▸ **DIRECTIONS**: Transcribe the data underneath exactly. No images belong in your version.

▸ **COLLECTED DATA**:
↓↓↓
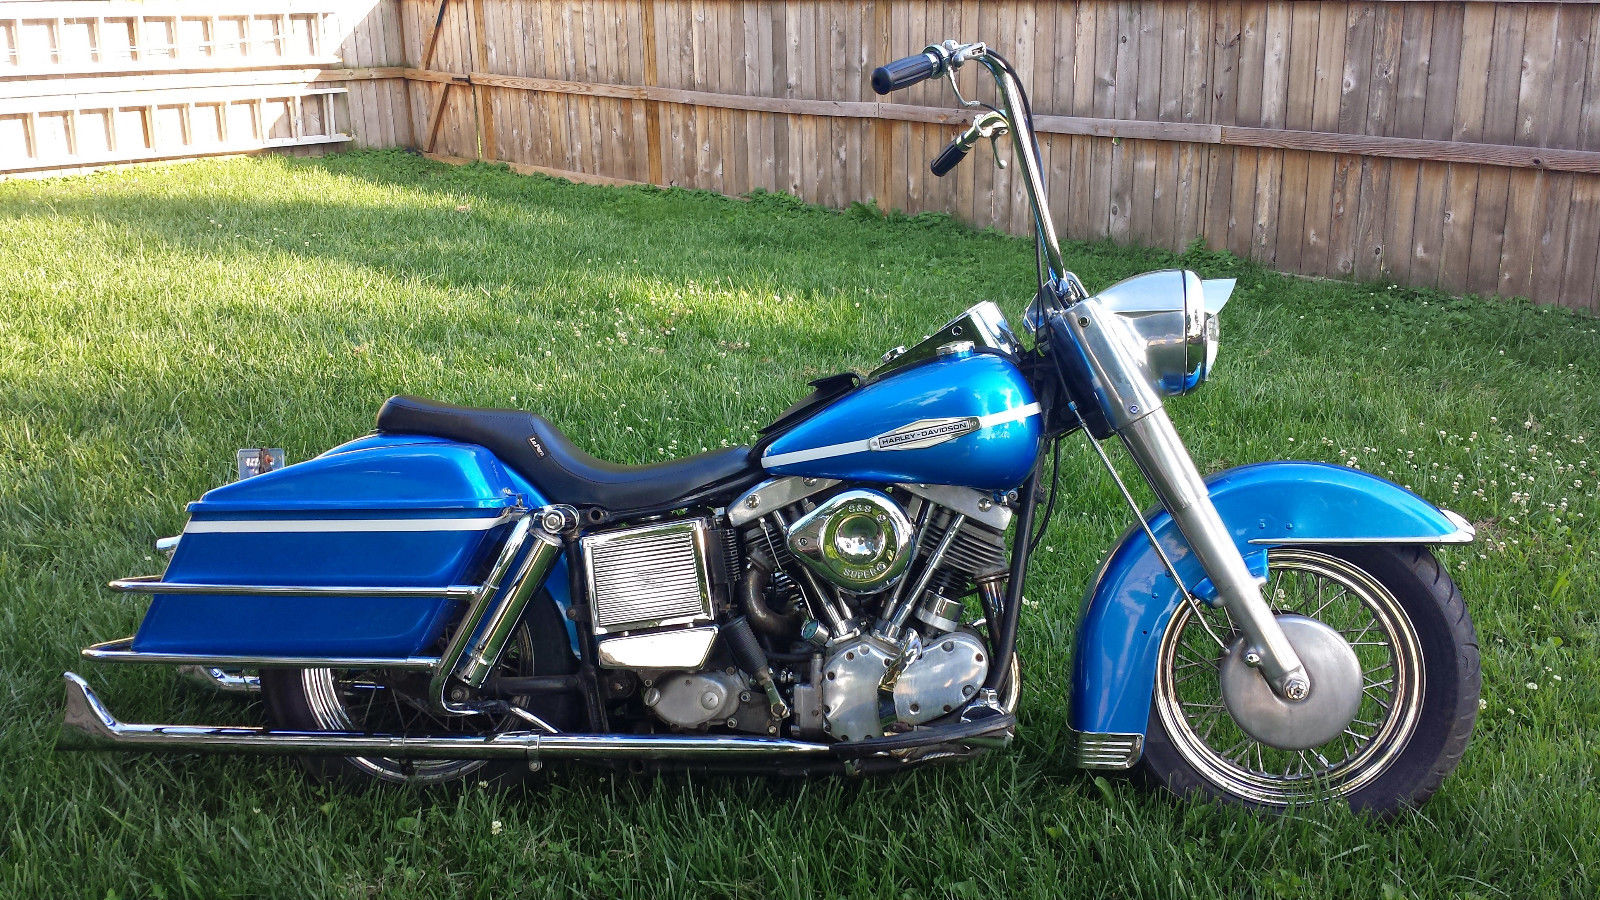 1969 Harley Davidson Pan Shovel 1200 Shovelhead Generator Police Wiring Harness
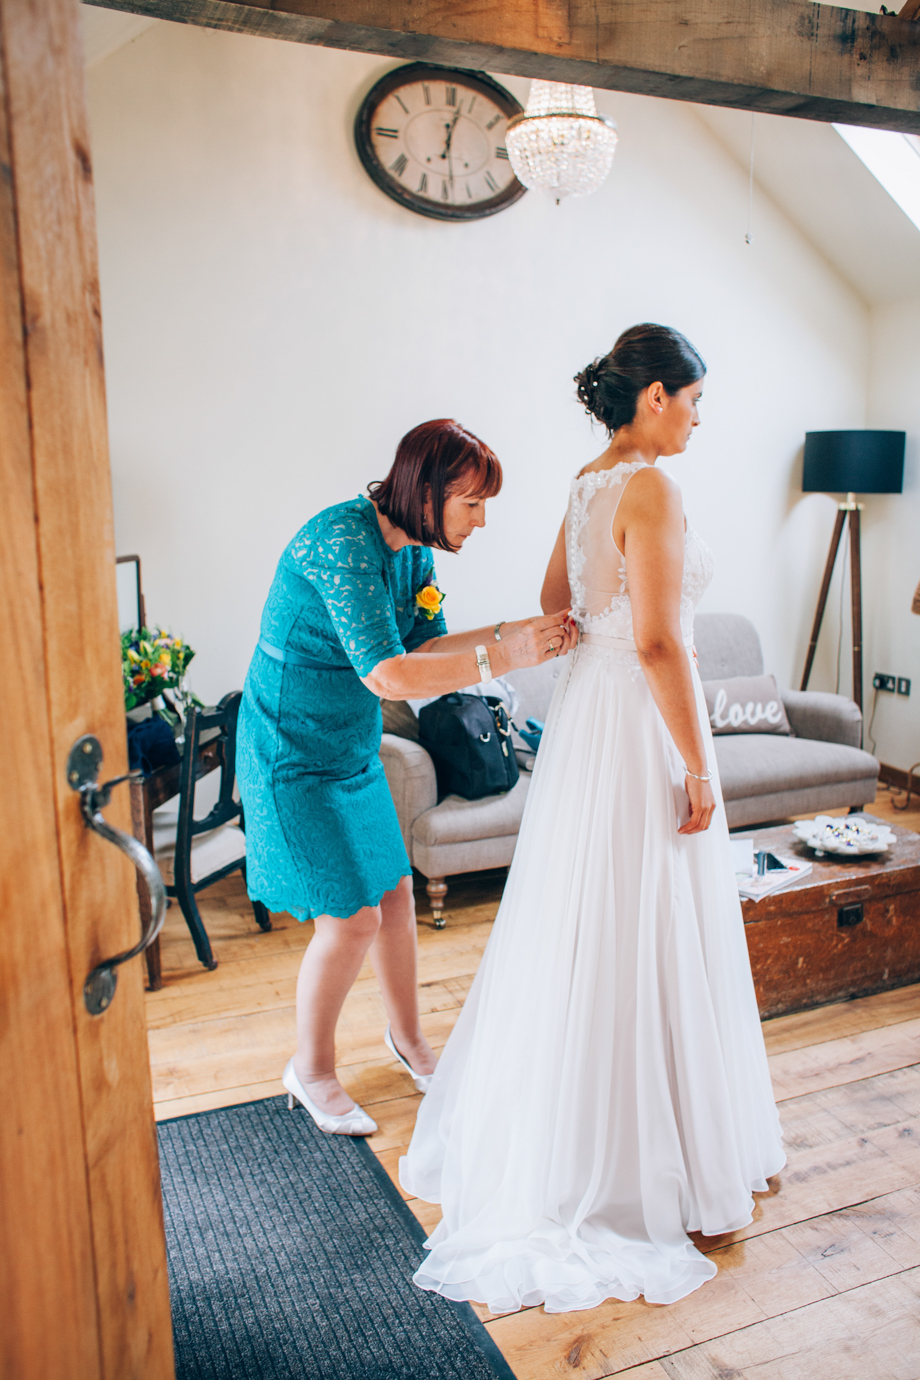 Tythe-Barn-Bicester-Wedding-14
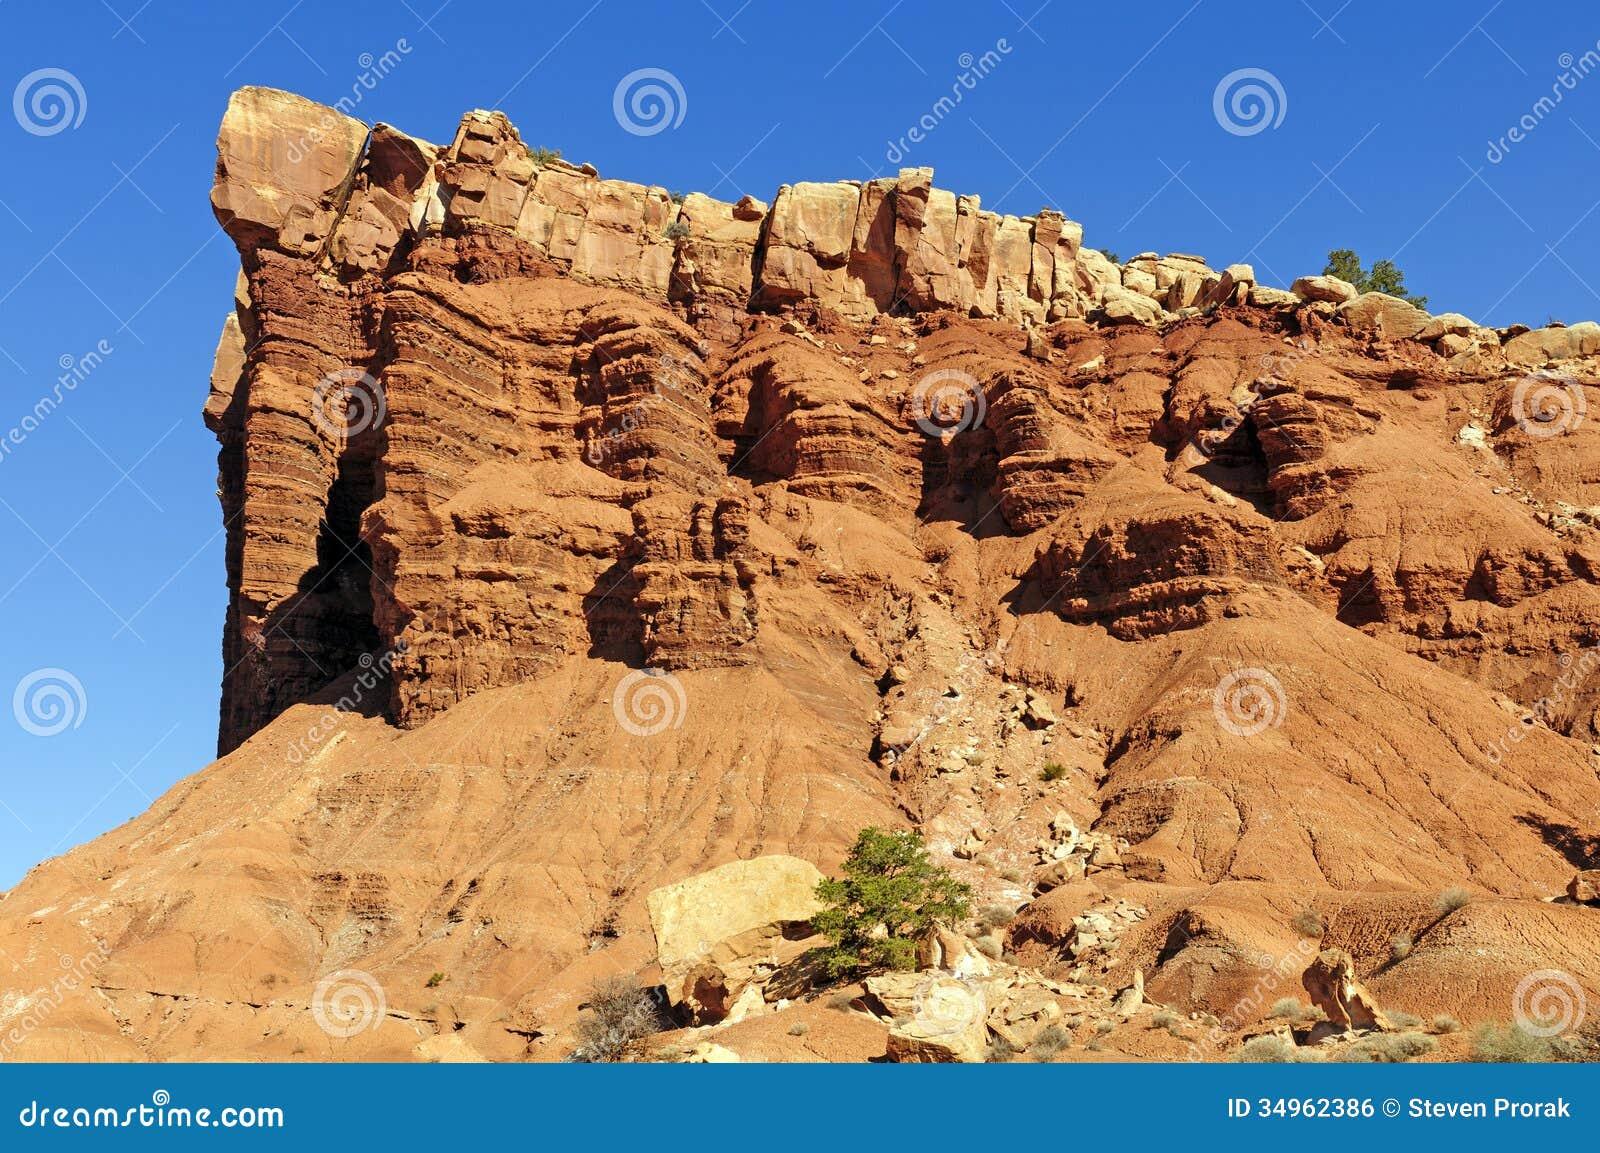 Desert Rock Pillars : Red rock columns in the desert royalty free stock image
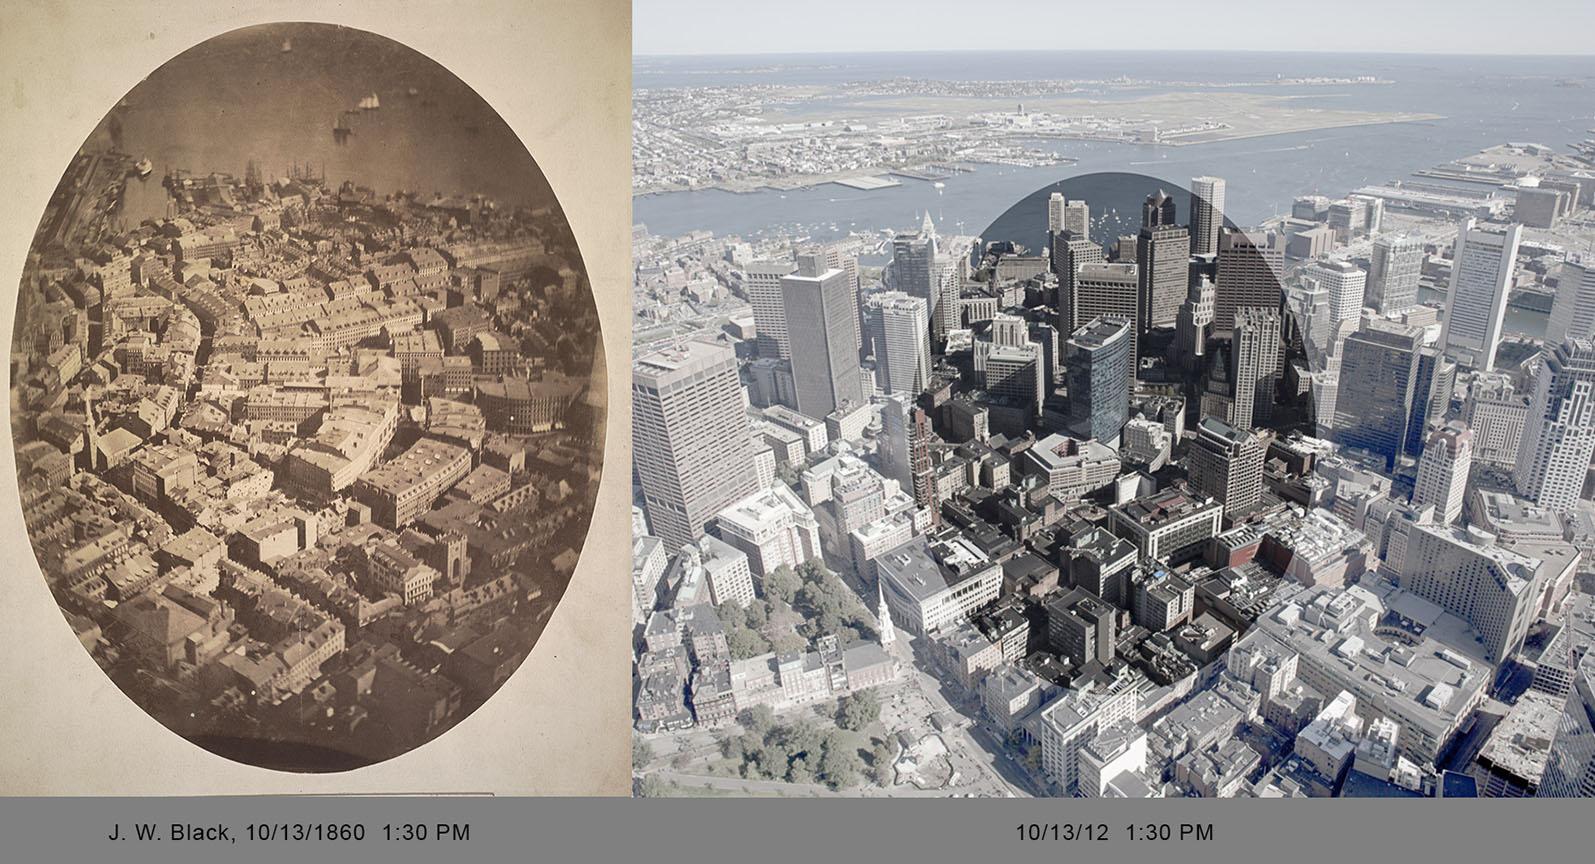 J. W. Black aerial photo
↑↑↑
▸ **RESPONSE**:
 1969 Harley Davidson Pan Shovel 1200 Shovelhead Generator Police Wiring Harness
 Tythe-Barn-Bicester-Wedding-14
 Desert Rock Pillars : Red rock columns in the desert royalty free stock image
 J. W. Black aerial photo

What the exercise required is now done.